A very frequent occurrence in science requires the scientist to find the zeros of a function $f\left(x\right)$. The input to the function is an $m-$ dimensional vector and the function returns an $n-$ dimensional vector. We denote this mathematically as $f\left(x\right): \mathbb{R}^{m} \mapsto \mathbb{R}^{n}$. This expression is read: the function $f\left(x\right)$ maps $\mathbb{R}^{m}$ to $\mathbb{R}^{n}$.

Example 1¶

The system of nonlinear equations \begin{align} x_{1}x_{2}^{3} + \ln\left(x_{3}^{2}\right) = \sin\left(x_{1}x_{2}x_{3}\right) \\ x_{1} + x_{2} + \tan\left(x_{3}\right) = \frac{1}{x_{1}x_{2}x_{3}} \end{align} has \begin{align} x = \begin{bmatrix} x_{1} \\ x_{2} \\ x_{3} \end{bmatrix} \end{align} and we say $x\in\mathbb{R}^{3}$. Thus, following the notation above, we say $m = 3$. The function of interest is \begin{align} \displaystyle f\left(x\right) = \begin{bmatrix} \displaystyle x_{1}x_{2}^{3} + \ln\left(x_{3}^{2}\right) - \sin\left(x_{1}x_{2}x_{3}\right) \\ \displaystyle x_{1} + x_{2} + \tan\left(x_{3}\right) - \dfrac{1}{x_{1}x_{2}x_{3}} \end{bmatrix} . \end{align} Thus $f\left(x\right)$ maps $\mathbb{R}^{3}$ to $\mathbb{R}^{2}$ and we write $f\left(x\right): \mathbb{R}^{3} \mapsto \mathbb{R}^{2}$.

Newton's Method¶

We may have cause to find an $x$ that renders $f\left(x\right)=0$. This is not so difficult for a linear system, but for a nonlinear system it can be a major challenge.

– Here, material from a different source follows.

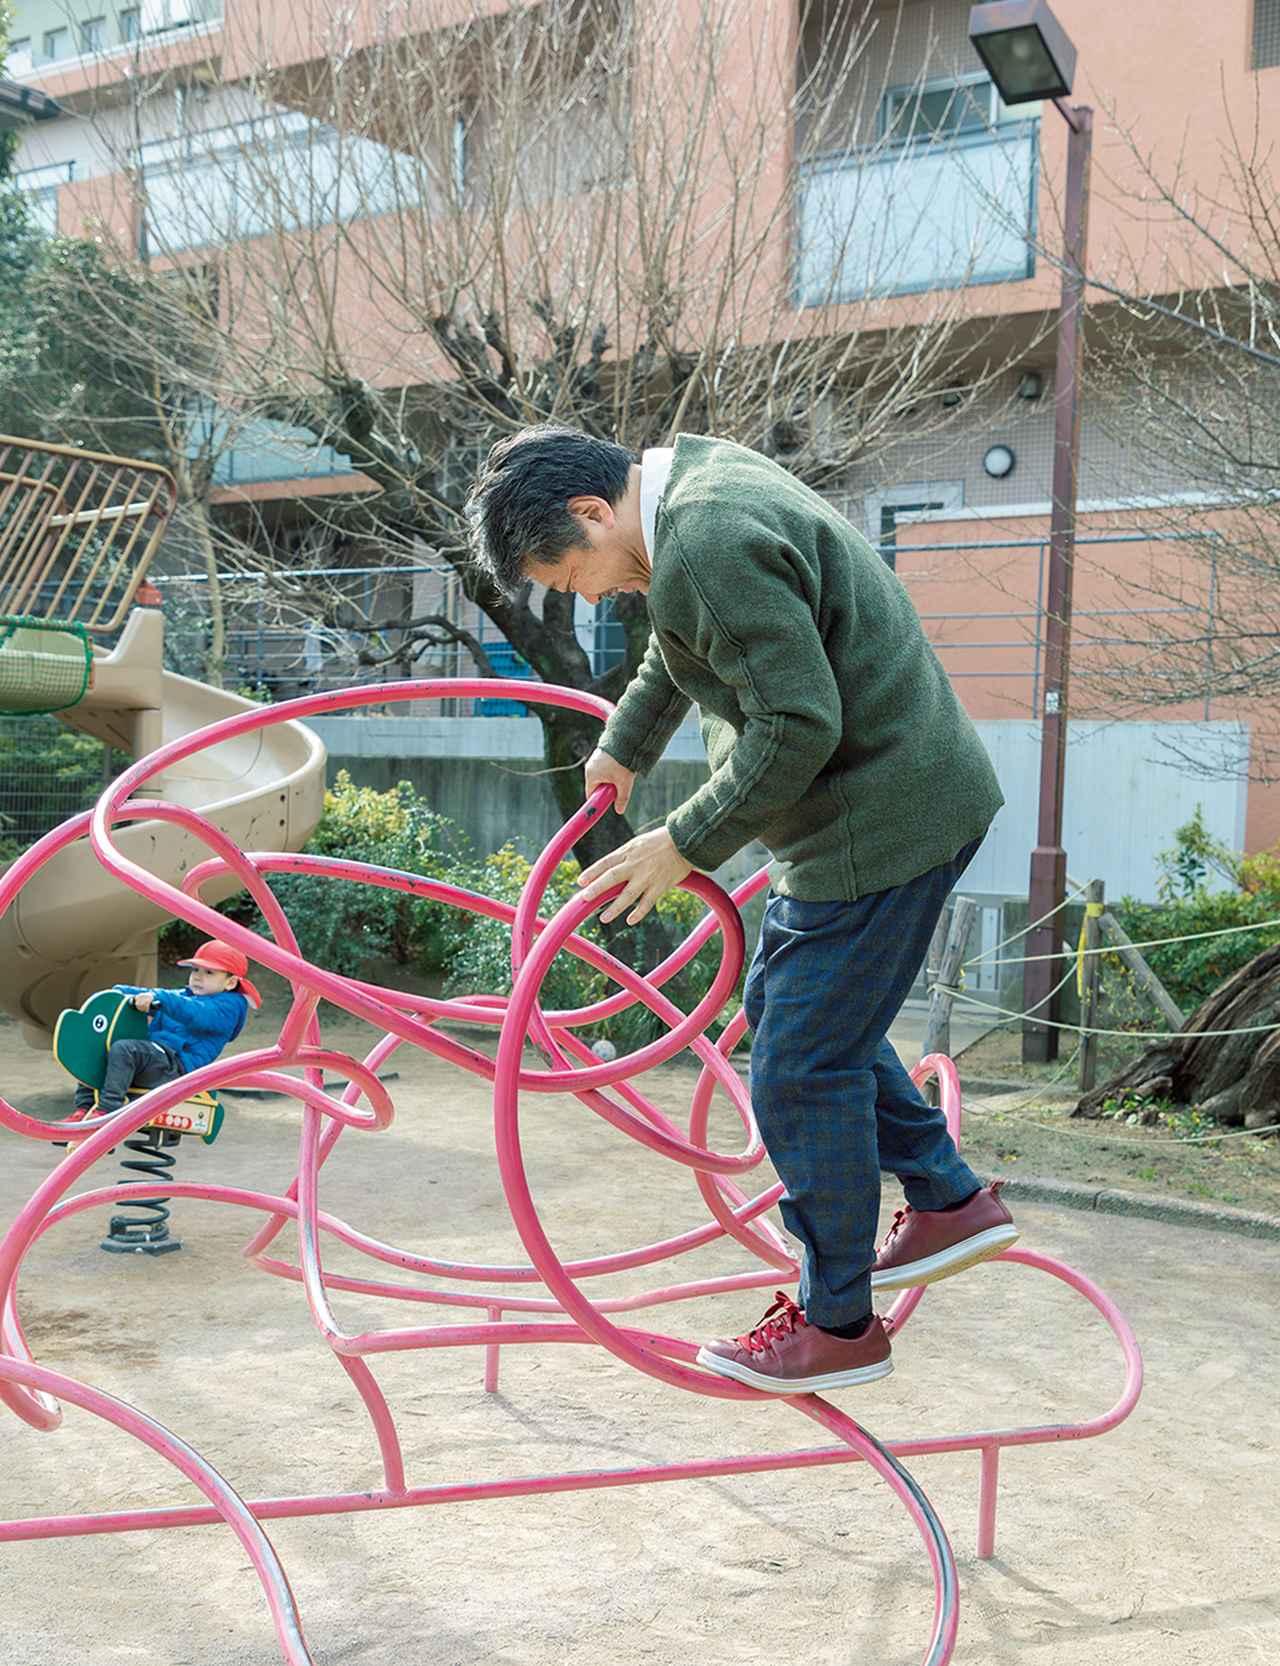 Images : 10番目の画像 - 「見えざる人々を見る。 映画監督・是枝裕和インタビュー」のアルバム - T JAPAN:The New York Times Style Magazine 公式サイト

Newton's method is an algorithm with excellent convergence properties that allows us to find the roots of a nonlinear function.

Derivation of Newton's Method¶

We want to find $x\in\mathbb{R}^{m}$ such that $f\left(x\right) = 0$ for $f\left(x\right) \in \mathbb{R}^{n}$. Here are the basic steps:

Step 1¶

Start with an initial guess $x_{k}$. It is very likely that $f\left(x_{k}\right) \neq 0$.

Step 2¶

Look at a point just a little beyond $x_{k}$. That is $x_{k+1} = x_{k} + \Delta x_{k}$ where $\Delta x_{k} = x_{k+1} - x_{k}$.

Step 3¶

Since $\Delta x_{k}$ is "small", and we are still in the local neighborhood of $x_{k}$, we ought to expand $f\left(x\right)$ about $x_{k}$ in a Taylor series. $$f\left(x_{k} + \Delta x_{k}\right) = f\left(x_{k}\right) + \displaystyle\left.\dfrac{\partial f}{\partial x}\right|_{x = x_{k}} \Delta x_{k} + \cdots.$$

Step 4¶

Working with higher-order terms can be messy, so we'll just keep the linear terms and write $$f\left(x_{k} + \Delta x_{k}\right) \approx f\left(x_{k}\right) + \displaystyle\left.\dfrac{\partial f}{\partial x}\right|_{x = x_{k}} \Delta x_{k}.$$

Step 5¶

We want $f\left(x_{k+1}\right) = 0$. So we write $$f\left(x_{k}\right) + \displaystyle\left.\dfrac{\partial f}{\partial x}\right|_{x = x_{k}} \Delta x_{k} = 0.$$ It is understood that this relationship is approximate and that we're looking for an approximate correction $\Delta x_{k}$ that will give $f\left(x_{k+1}\right) = 0$.

Step 6¶

We write a linear system at iteration $k$ for $\Delta x_{k}$. $$\displaystyle\left.\dfrac{\partial f}{\partial x}\right|_{x = x_{k}} \Delta x_{k} = -f\left(x_{k}\right).$$ In linear algebra terms we write $$J \Delta x_{k} = -f\left(x_{k}\right)$$ where $$J = \displaystyle\left.\dfrac{\partial f}{\partial x}\right|_{x = x_{k}}$$ is called the Jacobian matrix evaluated at $x_{k}$.

Step 7¶

The new guess for the root is $x_{k+1} = x_{k} + \Delta x_{k}$. This process is repeated until $f\left(x_{k+1}\right) \approx 0$ to within some acceptable tolerance.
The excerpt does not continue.